Colorado General Assembly Passes Bill Expanding Enforcement of Wage & Hour Laws
Colorado General Assembly Passes Bill Expanding Enforcement of Wage & Hour Laws
Bayan Biazar, Associate
The Rocky Mountain Employer has been tracking the status of House Bill 25-1001 (“HB-25-1001”) since it was first introduced in the Colorado General Assembly.[1] As of May 6, 2025, HB25-1001 has passed through the General Assembly (with notable changes from its original version, discussed below) and, if signed into law by Governor Polis, will create even more exposure for employers for wage and hour violations under Colorado law by expanding the definition of “employer;” by expanding employer accountability; by requiring a court to find that an employee pursued a wage claim that lacked substantial justification before awarding an employer reasonable costs and attorneys’ fees; and by expanding avenues of recovery against employer retaliation and discrimination, among myriad other things.[2]
House Bill 25-1001
HB25-1001 expands accountability for who can be found to have committed wage theft by amending and changing the definition of an “employer” under the Colorado Wage Act. The new definition includes any individual who owns or controls at least 25% of the ownership interests in any employer. The original version of HB25-1001 did not provide for any exceptions to this newly drafted “employer” definition. However, HB25-1001 carves out one notable exception. Under the exception, if a person is a minority owner of an employer who can demonstrate that he or she has fully delegated authority to control the day-to-day operations of said employer entity, the person will not be held accountable for wage violations the employer is found to have committed.
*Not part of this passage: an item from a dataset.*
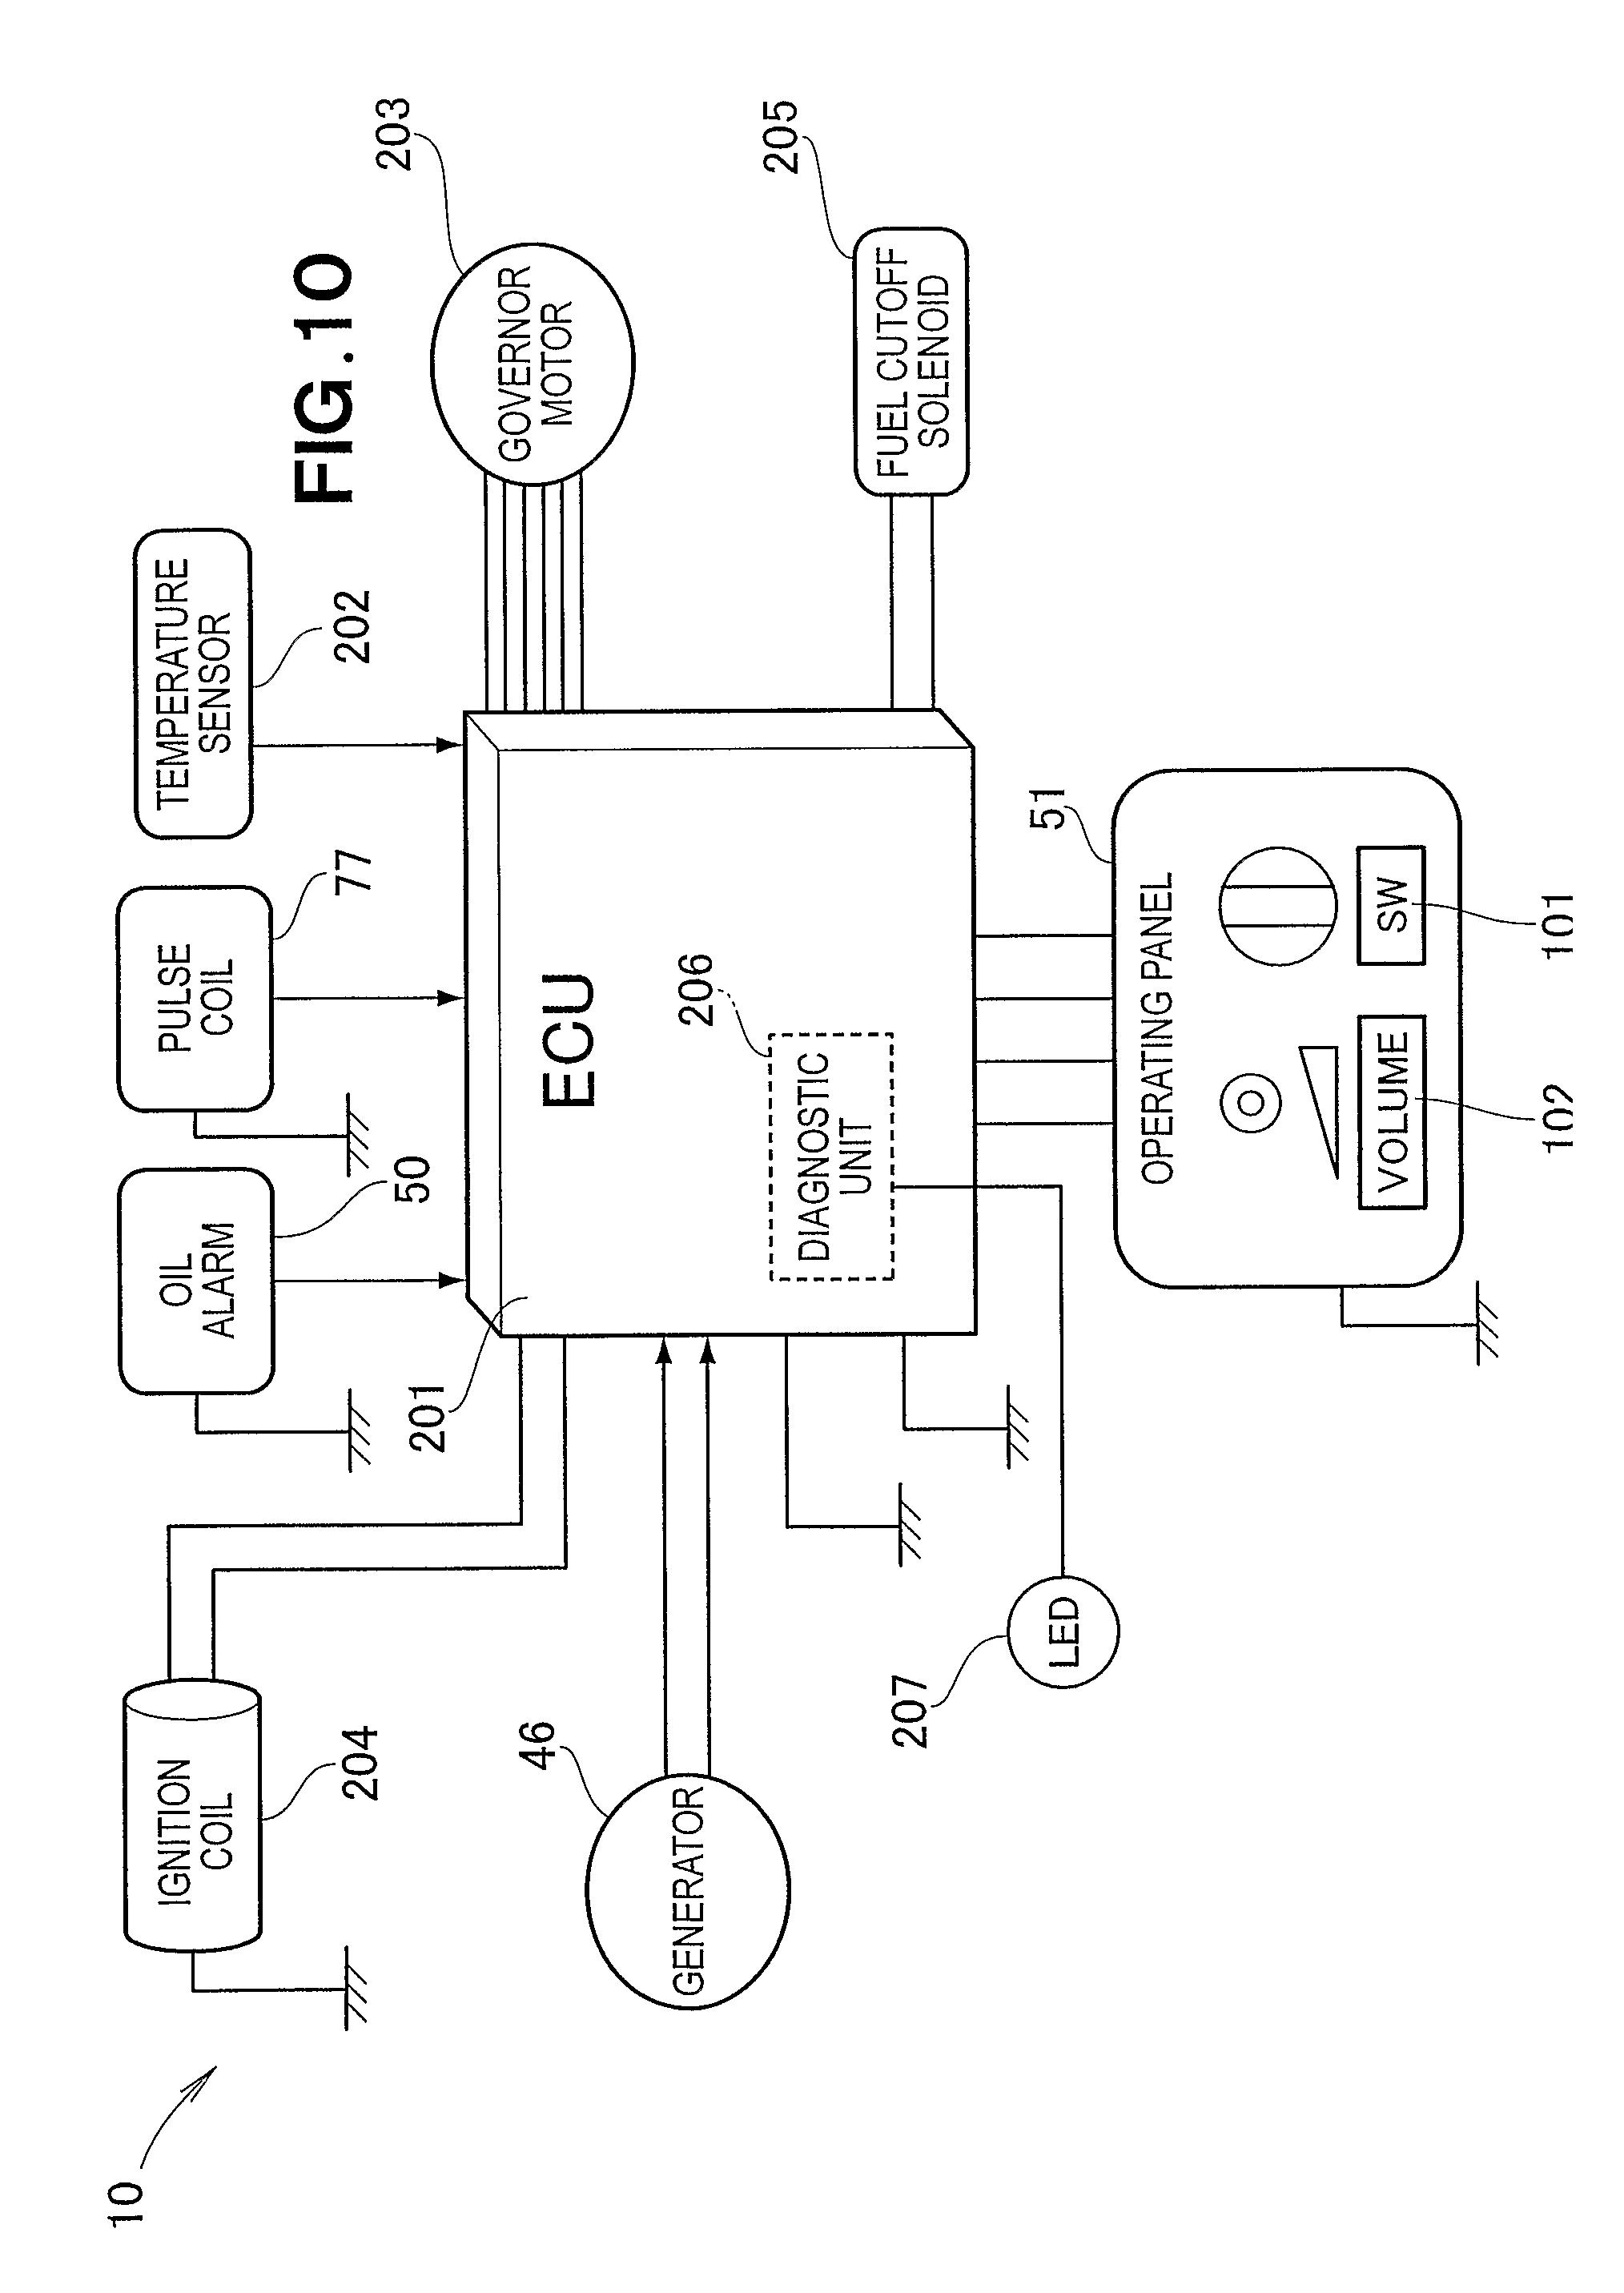 generator control panel wiring diagram 99 honda civic lx fuse box fg wilson 38

If HB25-1001 is signed into law, an employer may find it even more difficult to recover reasonable costs and attorneys’ fees even if it ultimately prevails on a wage claim. In order to award costs and attorneys’ fees to a prevailing employer, courts will need proof that the employee or worker pursued a wage claim which lacked “substantial justification.” The original version of HB25-1001 would have essentially eliminated all recourse for employers to potentially recover costs and attorneys’ fees expended in defending against bad faith wage demands, so the revisions to HB25-1001 provide employers at least some limited recourse. However, the current version of HB25-1001 also permits aggrieved persons to pursue equitable relief in addition to any claims for damages and penalties, including relief to deter future violations and prevent their employers from being unjustly enriched, without regard to exhaustion of any administrative remedies.
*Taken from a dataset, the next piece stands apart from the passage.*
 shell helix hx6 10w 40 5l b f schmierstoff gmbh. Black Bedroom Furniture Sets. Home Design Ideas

HB25-1001, as passed, also dramatically expands employee protections and remedies against retaliation. Under current Colorado law, an employer is prohibited from discriminating against or retaliating against an employee for asserting their rights under wage and hour laws. HB25-1001 expands these prohibitions on discrimination and retaliation for someone who is not just an employer, but rather, any other person that is regularly engaged in business or commercial activity that has contracted with an employer or worker, directly or indirectly, for labor from which such person is a beneficiary. HB25-1001 also expands the damages that an employer may face and the recovery that an employee or worker may gain if retaliation is proven. An employee or worker can now recover compensatory damages for other economic or noneconomic loss or injury shown by competent evidence and can also recover damages for emotional distress. HB25-1001 has also expanded the considerations a fact-finder may make when determining whether there has been a retaliation. Under the new HB25-1001 provisions, if an employer commits an adverse action against an employee within a period of ninety or fewer days between the employee or worker’s wage claim or protected activity, the employer’s action may, without the need for more evidence, be sufficient to find retaliatory intent for purposes of liability. Finally, the expansion on prohibition states that, if there is any effort by an employer to use an individual’s immigration status to in any manner discriminate or retaliate against that same employee or worker, there will essentially be an automatic finding of retaliation and/or discrimination.
Employer Considerations
HB25-1001 has now been passed and is waiting to be signed into law by Governor Polis. It will be interesting to see how the Governor reacts to these new provisions and whether he signs this version into law (Governor Polis previously vetoed the General Assembly’s prior attempt to enact similar legislation last year). If the bill does become law, it will go into effect on August 6, 2025. Given the significant changes that HB25-1001 is close to implementing, Campbell Litigation will continue to closely monitor HB25-1001’s status and will update the Rocky Mountain Employer accordingly.